Por variadas razões. Quero destacar algumas.

A primeira: por vezes, a apresentação de um livro é um acto de cortesia ou amizade. Ora, teria sempre a garantia, com os apresentadores de hoje que um olhar profundo, substantivo e sincero recairia sobre a obra e que esse olhar não teria concessões à cerimónia. A verdade e a transparência só ganham com isso.

A segunda razão: o pano de fundo político e jurídico-constitucional inegável em que decorre o mandato de qualquer Presidente da República teria, nos Professores Gomes Canotilho e Rebelo de Sousa, a garantia de que o seu diversificado e notável trabalho científico, político e para-político de décadas seria de enorme valia e enriqueceria os seus comentários.

A terceira razão: com ambos tenho mantido anos de amizade, respeito e de compreensão pela nossa diversidade. Em lugares, em episódios e por motivos diversos e tantas vezes em circunstâncias difíceis. O pluralismo e sadias controvérsias não são incompatíveis com amizade, sinceridade e franqueza mutuas.

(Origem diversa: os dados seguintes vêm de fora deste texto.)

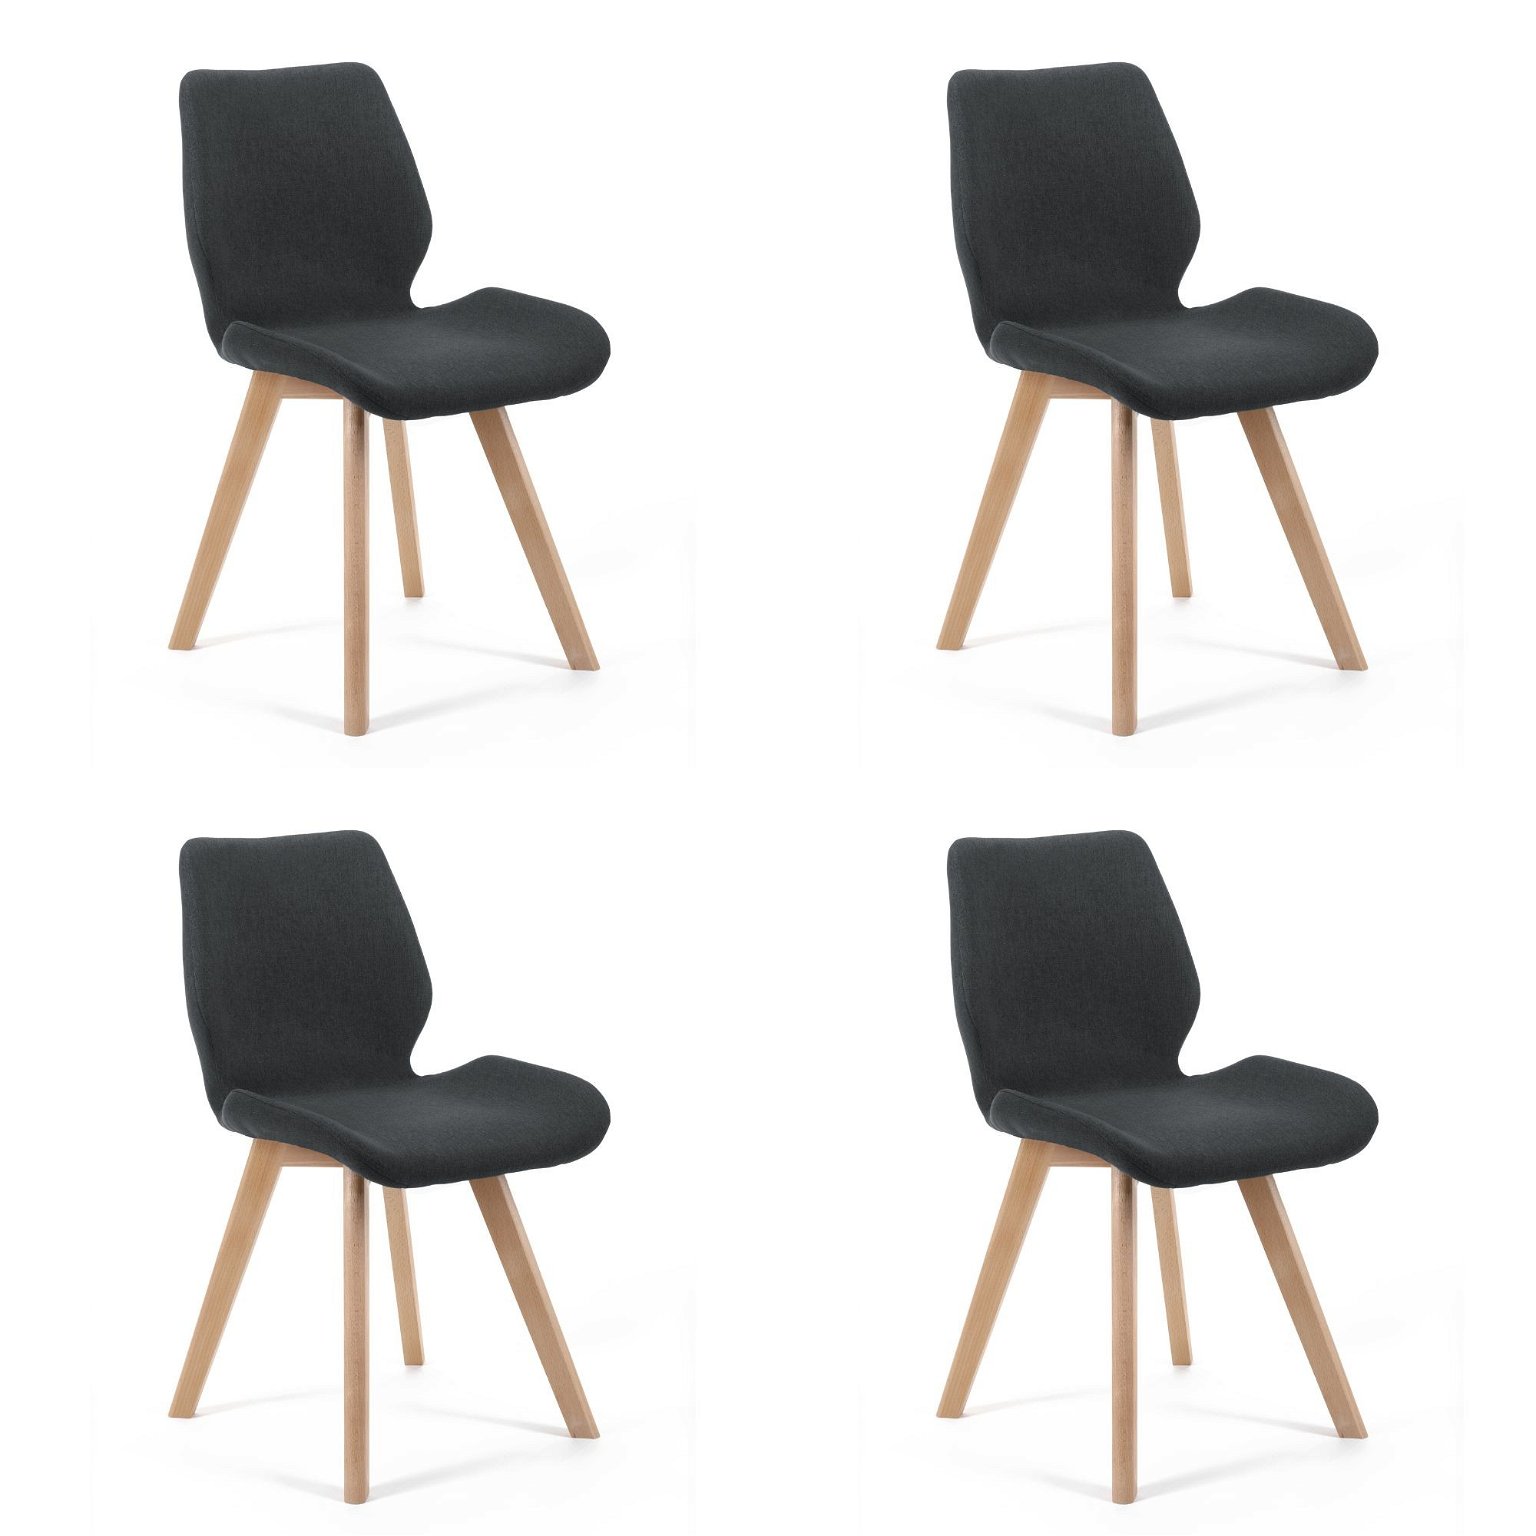 4-rių kėdžių komplektas SJ.0159, juodas - 2

Muito obrigado pela vossa presença e pelo cuidado e trabalho com que a prepararam. Quero também agradecer às edições Afrontamento e ao seu Director José Sousa Ribeiro a dedicação e o cuidado extremo postos nesta edição.

À Fundação Montepio Geral que patrocinou esta edição quero transmitir quanto me calou fundo a sua disponibilidade para suportar os custos de edição desta obra.

Meus Amigos,

Não posso deixar de comentar o livro que agora vos apresento. O livro com os Portugueses é uma antologia das minhas declarações enquanto Presidente da República.

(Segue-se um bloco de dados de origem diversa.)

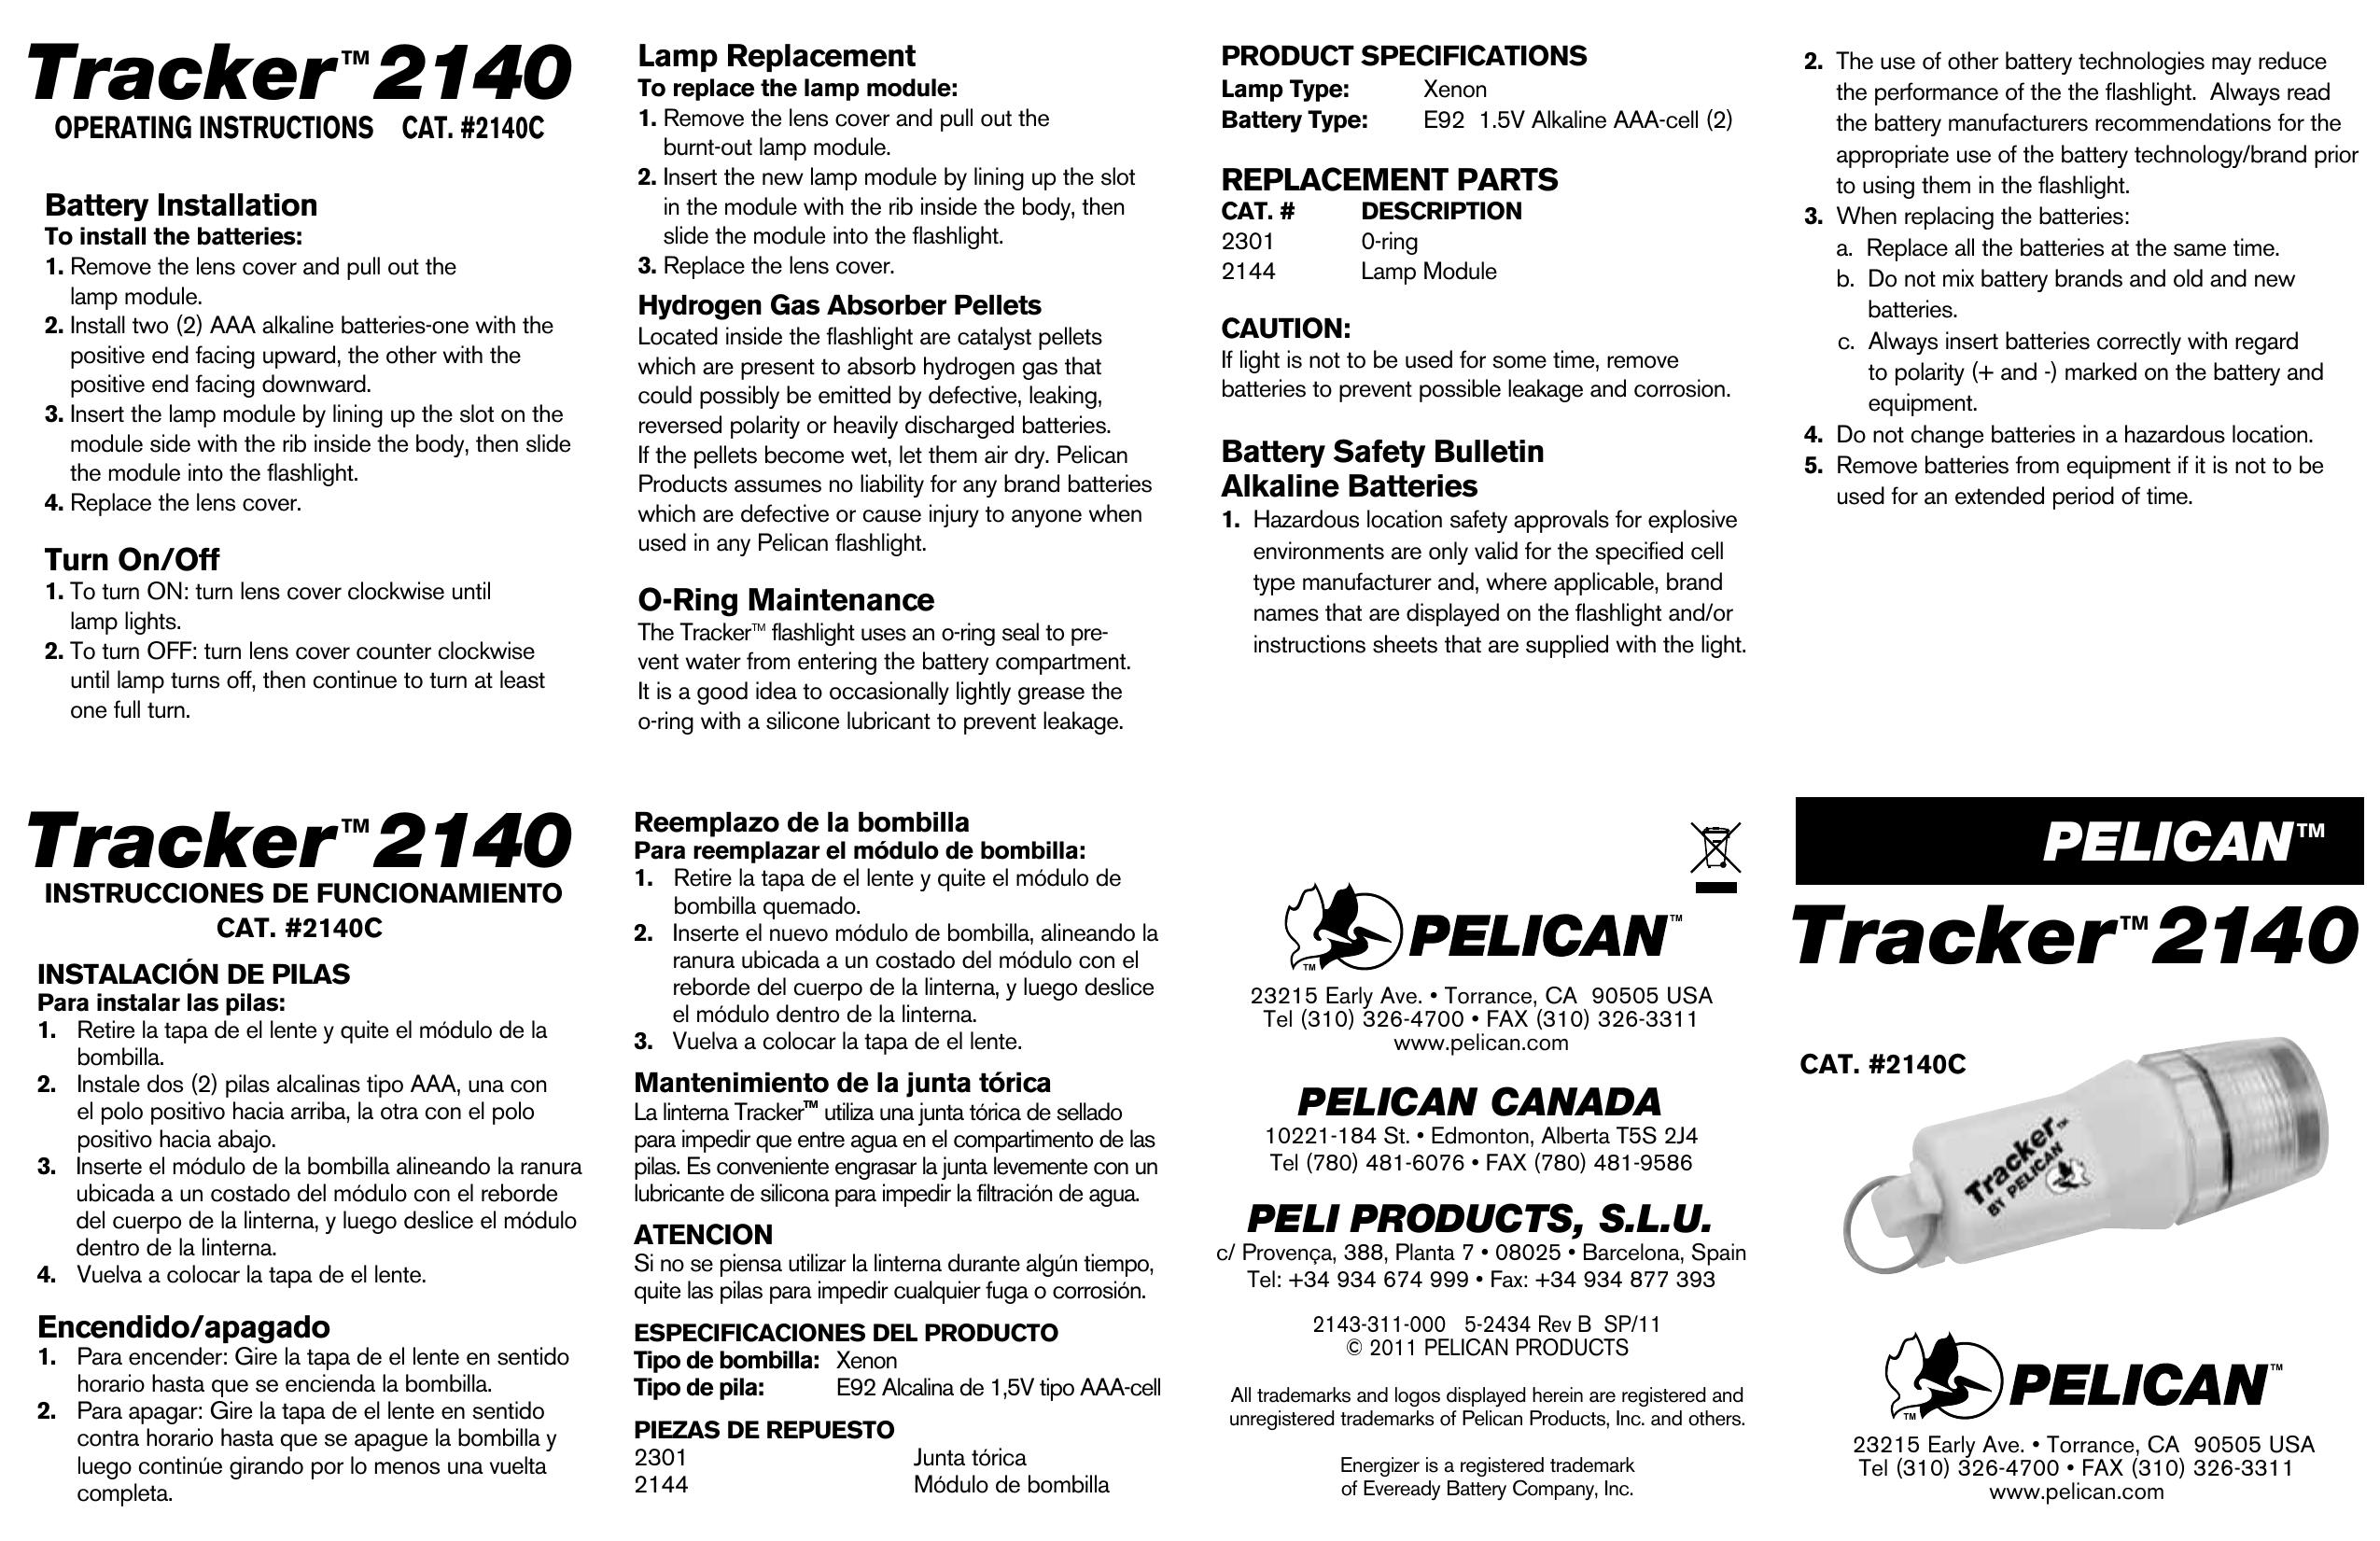 Pelican 2140C Recording Equipment User Manual

Ao folheá-lo, tenho que confessar que aprendi alguma coisa. Em primeiro lugar aprendi a dimensão da actividade que a obra testemunha. Tinha, claro, a noção de ter procurado o contacto com os Portugueses, quer em ocasiões institucionais quer em relações directas, quer em momentos temáticos, umas e outras em ocasiões justificadas. Mas as estatísticas em anexo surpreenderam-me. Verifico que teria sido virtualmente impossível que o vosso Presidente tivesse tido uma presença mais forte, mais permanente, mais desenvolvida.

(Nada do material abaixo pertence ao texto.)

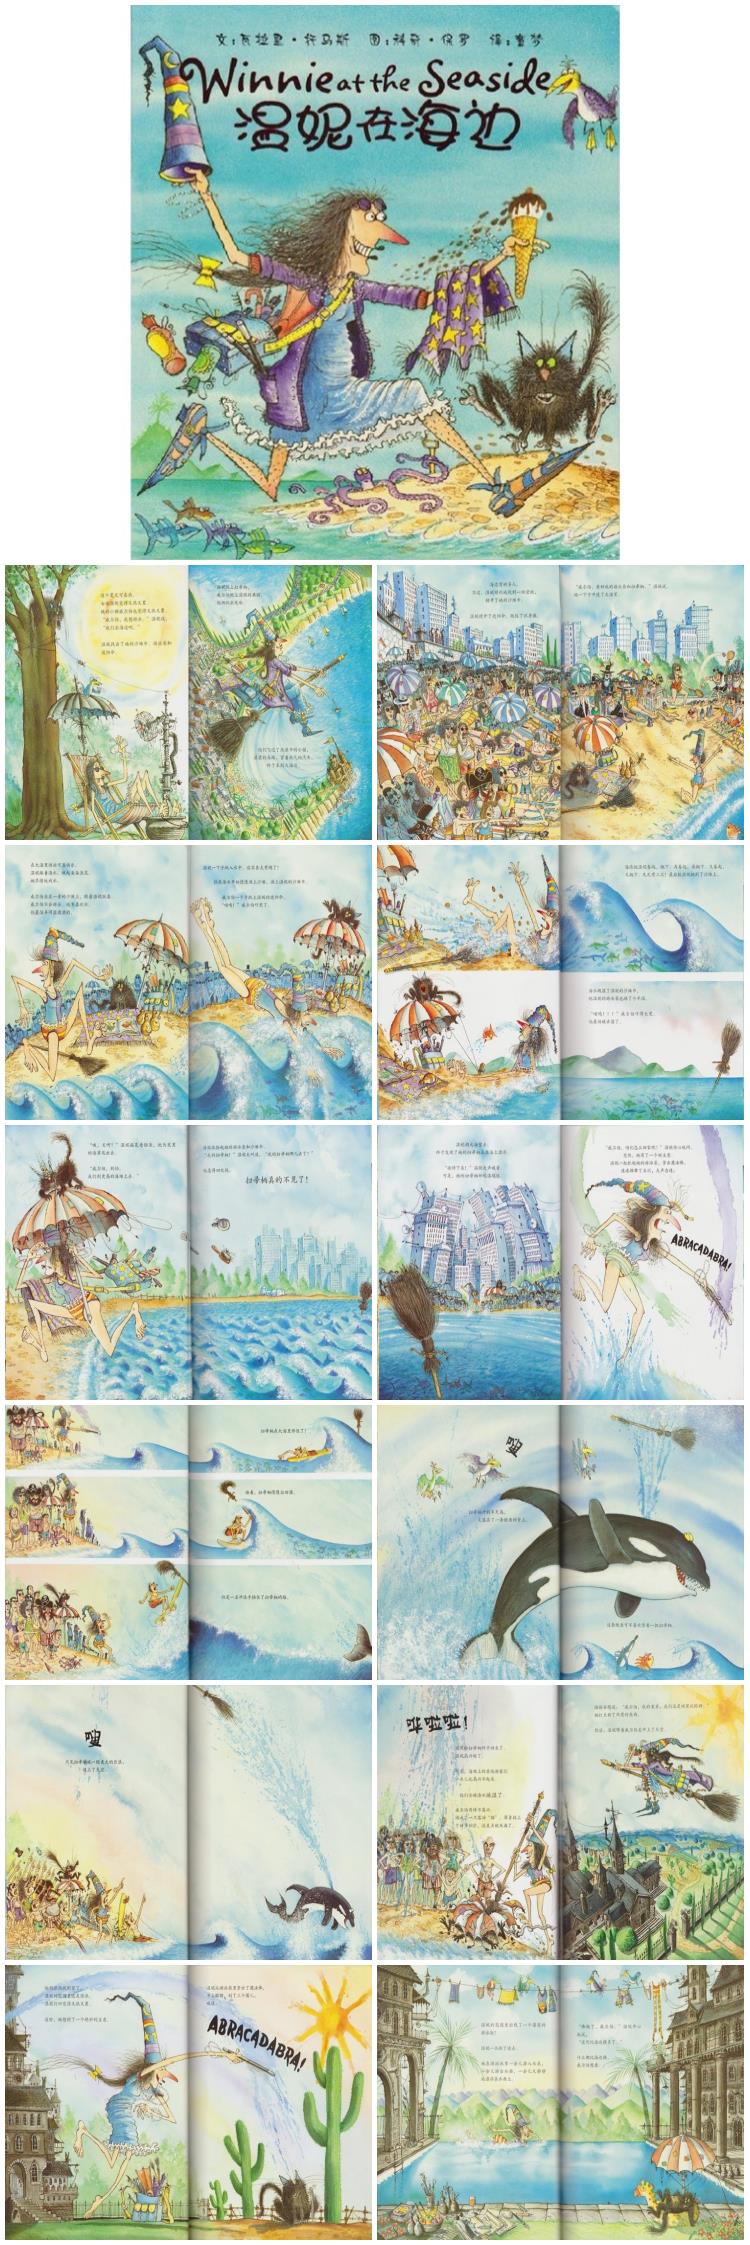 《温妮在海边》童话绘本故事PPT

Ao folhear o livro “com os Portugueses”, gostei também de ver que as minhas declarações têm uma coerência íntima que sobrenada o tempo e o espaço da minha Presidência. Pensava ter proferido declarações trabalhadas, rigorosas, dedicadas; tinha a noção de ter lançado para o debate público alguns temas inovadores e relevantes; mas admitia que os meus discursos tivessem sido mais efémeros, para mais proferidos em efémeras circunstâncias, para mais desdobrados ao longo de dois agitados quinquénios. Gostei de ver que essa coerência íntima resistiu.
O livro que vos apresenta trata da globalização, vista de Portugal, e trata de Portugal - ia dizer que visto da globalização. É, no fundo, uma ambição para Portugal.
Agarro a globalização na perspectiva multilateral, da lusofonia, da construção europeia e dos rumos que se oferecem ao nosso País.

Trato de Portugal pegando no aperfeiçoamento da democracia; na defesa nacional e nas Forças Armadas; na justiça e na cidadania; no repensar das funções do Estado; no questionar do modelo de desenvolvimento; na coesão e nos direitos sociais; no sistema de saúde; na causa da educação; na ciência e na inovação; na cultura e na identidade.
O resultado não me envergonha.

É a síntese do meu esforço destes dois quinquénios em prol de Portugal e da República.
Quero crer que terá alguma utilidade para os meus concidadãos.
Foi esse aliás o meu propósito ao consentir na sua publicação.